# Photo Tourny: Cityscapes



## speedyink

Damn it's hard to think of one we haven't done.  I don't think we've done this one yet...  

-----------------------------------------------------

Playing this tournament is simple:

A tournament involves 11 entry's (so there can be 10 after the original entry from the previous winner if the previous winner doesn't choose to enter there will only be 10 entry's) The winner of the last tournament will give a theme, and those who want to participate will post their picture. When we have 11 entries I will create a poll in the Off Topic section where members can vote.

New Rules:
- Absolutely no voting for your own photo.
- No spot saving; you will only be counted if you have a picture submitted.
- Only one picture may be posted at a time, if you decide to change it, please edit the original post.
- No posting an image that has previously won a competition.
- Minor image adjustments can be made to the original image
(please play fair)

Winners will simply be the one who gets the most votes. He/she will then create another thread in which they propose a different theme for the next tournament.

Absolute max photo res is 1024x768

-----------------------------------------------------

Mine:

http://fc69.deviantart.com/fs32/i/2008/196/2/6/Vancouver_sunset_by_speedyink.jpg


----------



## cohen

hhhmmm... hard topic, let me search my external hard drive  

WOW, i don't know where i got this from, but i found it towards the end of my huge search of *.jpg

So here we go 

http://i531.photobucket.com/albums/dd353/cohen_computer/City.jpg


----------



## Punk

Hugely edited picture Vroom 

http://i134.photobucket.com/albums/q120/webbenji/P4262725-2.jpg


----------



## speedyink

Punk said:


> Hugely edited picture Vroom



Were you referring to me?  I dunno, I figured HDR wouldn't count under major editing.

Btw, thats not really a cityscape picture, it's more city life


----------



## g4m3rof1337

Can't find a good pic, don't reserve my spot.


----------



## vroom_skies

Punk said:


> Hugely edited picture Vroom



Nice , do you have the original so I can see your definition of "hugely".

Here's mine, unless I find something better. This shot was taken before I was actually really into photography.






Bob


----------



## houseofbugs

cohen said:


> hhhmmm... hard topic, let me search my external hard drive
> 
> WOW, i don't know where i got this from, but i found it towards the end of my huge search of *.jpg
> 
> So here we go
> 
> http://i531.photobucket.com/albums/dd353/cohen_computer/City.jpg



Fail much? Nice job STEALING VISTA'S BACKGROUND!!! Want proof? Here is a screen shot AND if you have Vista it is in their Black and White background sections.

You also may want to see this: http://en.wikipedia.org/wiki/Copyright_infringement

do you think we wouldn't notice?...






#tryharder you noob.


----------



## houseofbugs

Here is my entry:

http://www.timothyhoogland.com/?q=gallery&g2_itemId=2024


----------



## cohen

houseofbugs said:


> Fail much?
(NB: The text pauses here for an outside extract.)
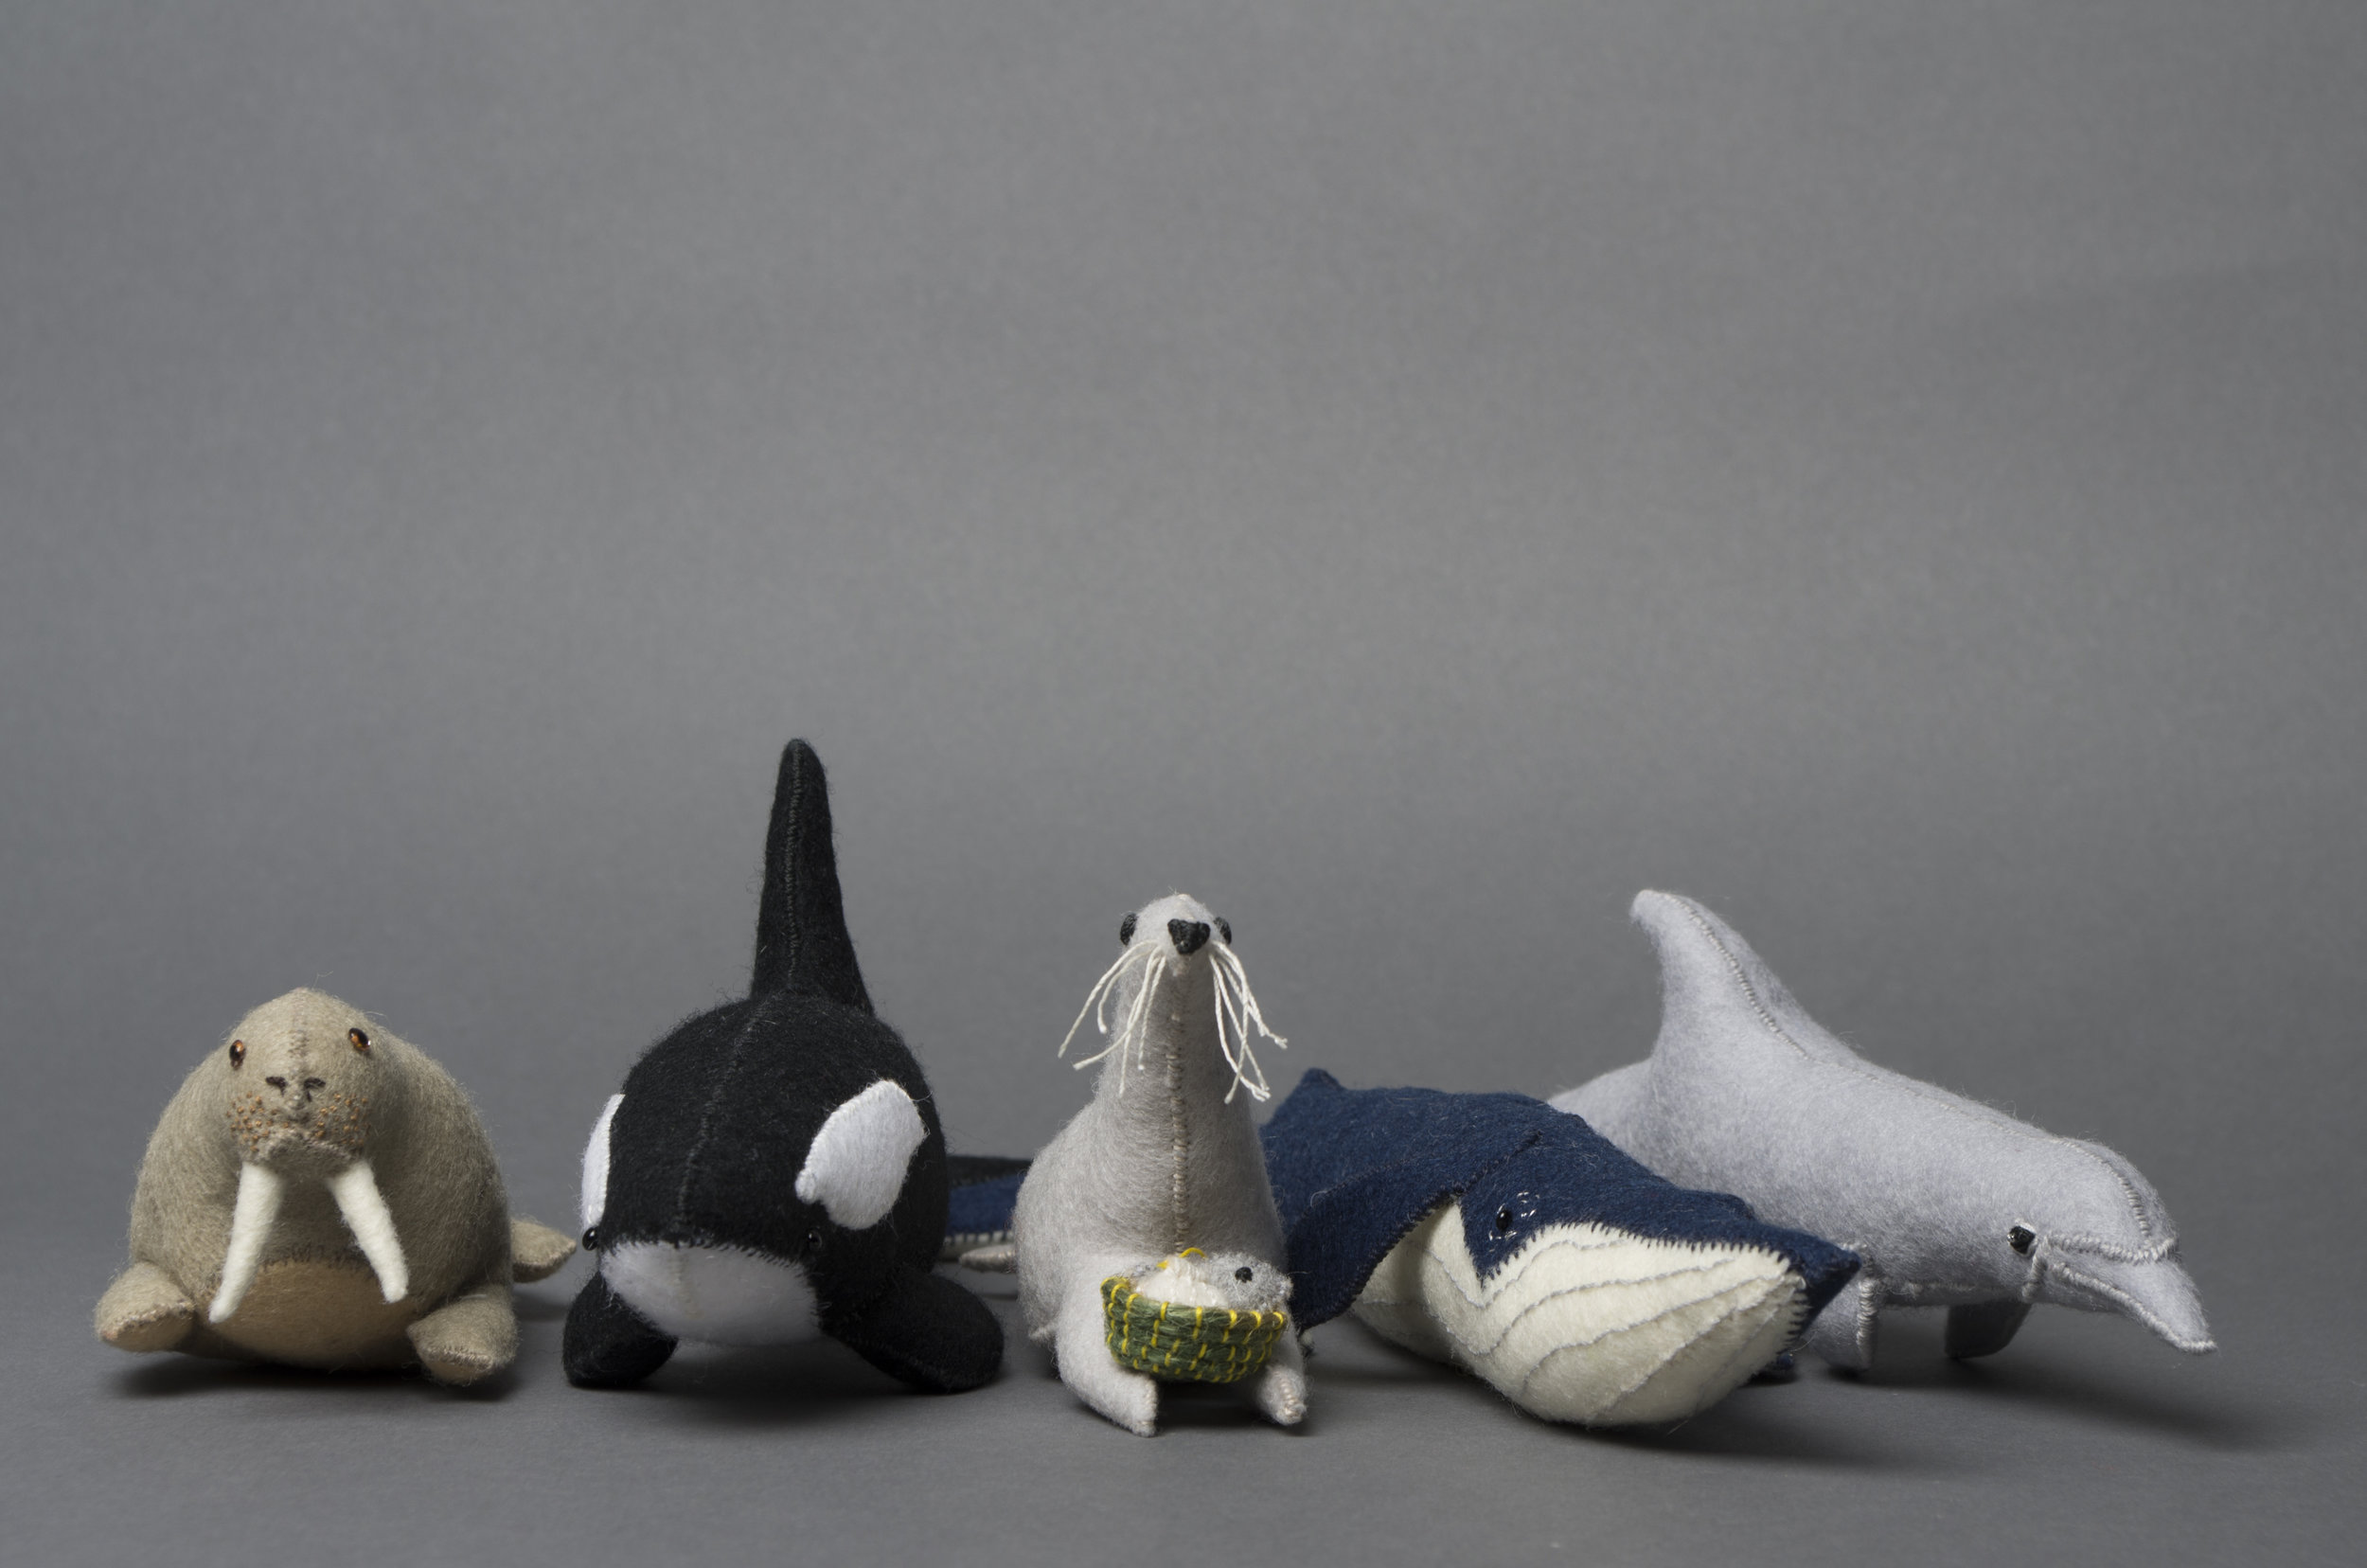 Lillian Bixler  Walrus, Orca, Seal, Blue Whale, Dolphin  woolen felt  £55 each

Nice job STEALING VISTA'S BACKGROUND!!! Want proof? Here is a screen shot AND if you have Vista it is in their Black and White background sections.
> 
> You also may want to see this: http://en.wikipedia.org/wiki/Copyright_infringement
> 
> do you think we wouldn't notice?...
> 
> 
> 
> 
> 
> 
> #tryharder you noob.



lol, so that is where i got it , meh , it is editted, and i didn't put the colour in,


----------



## bass76

http://i171.photobucket.com/albums/u307/bass76/IMG_0725Medium.jpg


----------



## Punk

speedyink said:


> Were you referring to me?  I dunno, I figured HDR wouldn't count under major editing.
> 
> Btw, thats not really a cityscape picture, it's more city life





vroom_skies said:


> Nice , do you have the original so I can see your definition of "hugely".
> 
> 
> Bob



Sorry about that Vroom, I meant Speedy 

By hugely I mean the HDR editing, which involves multiple shots blabla which is to me a huge edit from what the first picture looks like... But whatever I'm not going and do not want to fight over that.


----------



## alexyu

I really hope this goes. I dont have anything else.
http://img151.imageshack.us/img151/7479/mare041ky8.jpg


----------



## houseofbugs

cohen said:


> lol, so that is where i got it , meh , it is editted, and i didn't put the colour in,



But you can obviously remember that you DIDN'T take this photo. Taking a shot like that would definitely be remembered. I remember pretty much every awesome picture I have taken. Please remove it unless you can enter things that are not your own work and if you can use other people's works then why even have a contest in the first place?


----------



## 4NGU$

hope there is space 
http://i72.photobucket.com/albums/i175/link_210/_MG_1267f.jpg


----------



## alexyu

If cohen's pic doesnt count, there's room for 4 more.


----------



## Kornowski

http://i184.photobucket.com/albums/x284/Kornowski_2007/Canada/IMG_8422.jpg

Here's mine...


----------



## Calibretto

Does this count?:

http://pic.leech.it/i/ea18c/3d595e0europe2.png


----------



## Ethan3.14159

Here goes nothing...

http://i306.photobucket.com/albums/nn270/Ethan314159/100_2957.jpg


----------



## Calibretto

I like DC


----------



## houseofbugs

Calibretto said:


> Does this count?:
> 
> http://pic.leech.it/i/ea18c/3d595e0europe2.png



Post the original with the EXIF data if you really did take the pic.


----------



## Ethan3.14159

Calibretto said:


> I like DC



lol, I live about an hour from any large city with a decent skyline, so I just used one from my senior class trip back in may.


----------



## Kornowski

houseofbugs said:


> Post the original with the EXIF data if you really did take the pic.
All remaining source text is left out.